This salty Johns Hopkins student is trying to sell anti-Ivy League t-shirts
You gotta chill my dude
A student at Johns Hopkins is trying to sell extremely salty t-shirts for people who didn’t get into the Ivy League, but are still studying at “prestigious schools” like MIT and Berkeley.
They say “NON-IVY ELITE ’21” on the back and have a branch of holly on the front, underneath a banned sign (I guess the designer thought it was ivy?).
It looks like this:
The Johns Hopkins student behind it, Nikhil Krishna Murthy, explains: “Buy a t-shirt to support the prestige of top, non-Ivy universities.”
He adds: “Are you an MIT student who gets tired of being asked ‘isn’t that a technical school?’ Or a John Hopkins student who is frequented with the question ‘I thought you had to do undergrad before med school?’ Or maybe you’re a UC Berkeley student who’s tired of people automatically assuming you’re just a Harvard reject. Regardless of what school you’re going to, and how incredible that school is, we know you can relate to Ivy leagues getting all the prestige.”
It was launched after April 1st, ruling out the possibility that this is a bad April Fools’ gag.
The t-shirt campaign has already been spotted by several Ivy League meme groups, where students are absolutely roasting him for it:
Students have also commented on the t-shirt selling site with some savage gold.
Tarek Meah, a student at Johns Hopkins, said: “This campaign implies that we here at Hopkins are dissatisfied with our placement because Hopkins isn’t an Ivy League School. You gotta chill. Also, that is not Ivy.”

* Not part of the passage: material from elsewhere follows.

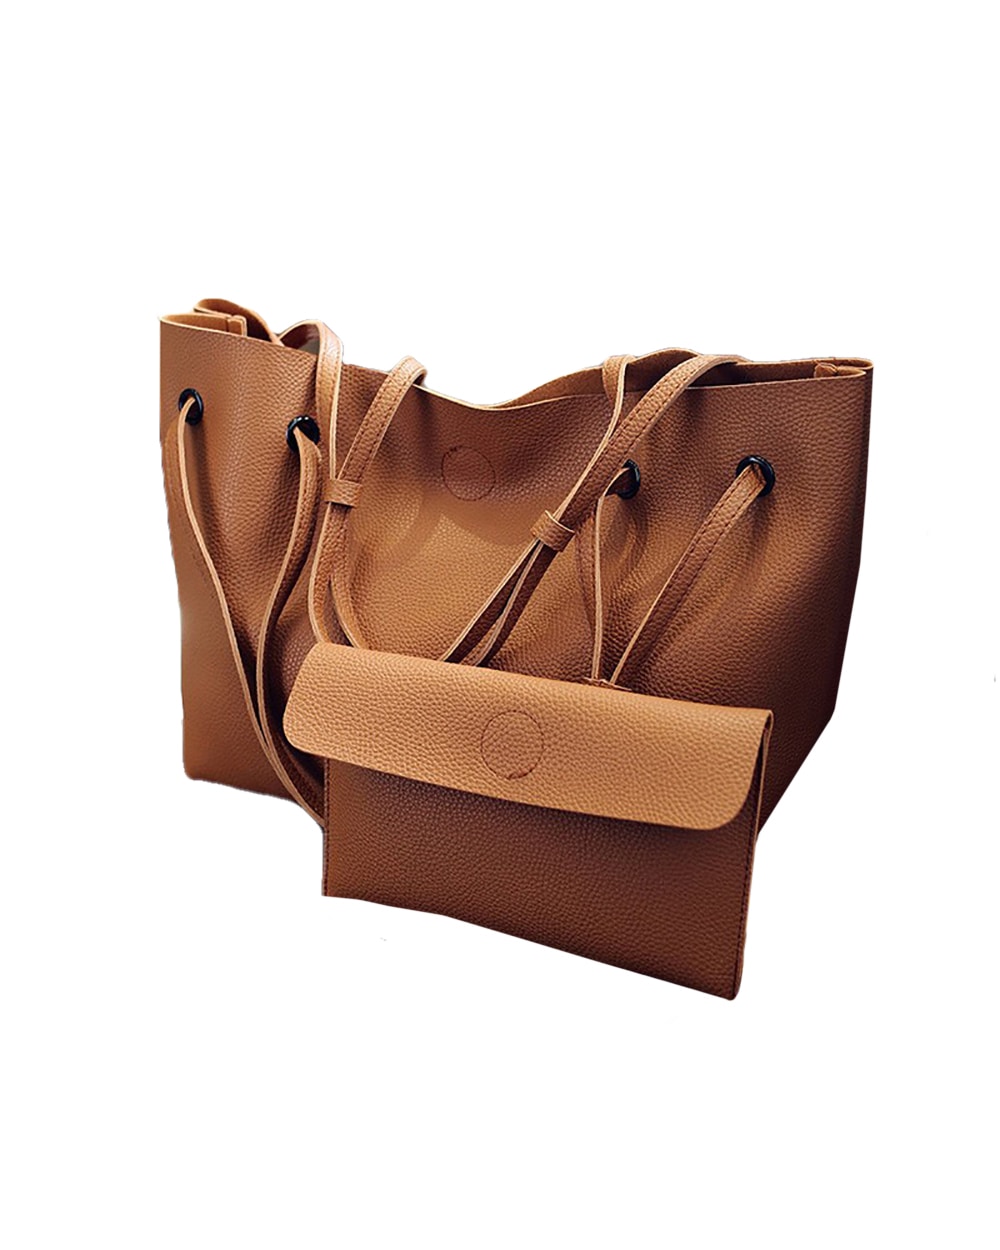 brown large capacity tote bag - 4

Beth Wang from Princeton was also quick to pick up on perhaps the greatest blunder of the Non-Ivy Elite ’21 shirt. The front pocket area features a slashed-out holly leaf. It may feel like Christmas every day when you can enjoy the Ivy title, but the last time we checked, the metaphoric and actual ivy that clings to our hallowed buildings is a bit more, well, ivy shaped.
Srihari Yenamandra, at Dartmouth added what we were all thinking: “This absolutely reeks of insecurity. Who cares if your school isn’t an Ivy. Literally no one. No one thinks less of Duke, Stanford, MIT, or JHU just because they aren’t Ivy. Jesus, I’m gonna go out and buy a t-shirt that says ‘non-Wall Street 1-percenter’ and see how well that goes down.”
It only seems fair when your elite status isn’t part of some special club, that you can start your own non-Ivy club but only for other elitists. Even then, someone should let the creators of the shirt know the truth: being in the Ivy League is just another way to let people know that you don’t expect too much from a college football game.
As Cornell students in this in-crowd, we are constantly vying for our own complete acceptance as an Ivy. A word to the wise (Nikhil Krishna Murthy) that sometimes it’s better to be on your own pedestal on the outside looking in. Don’t start a fuss when you already know you have a great degree waiting for you. Leave the elitist club culture for the social life within your university.
At press time one single t-shirt has been sold.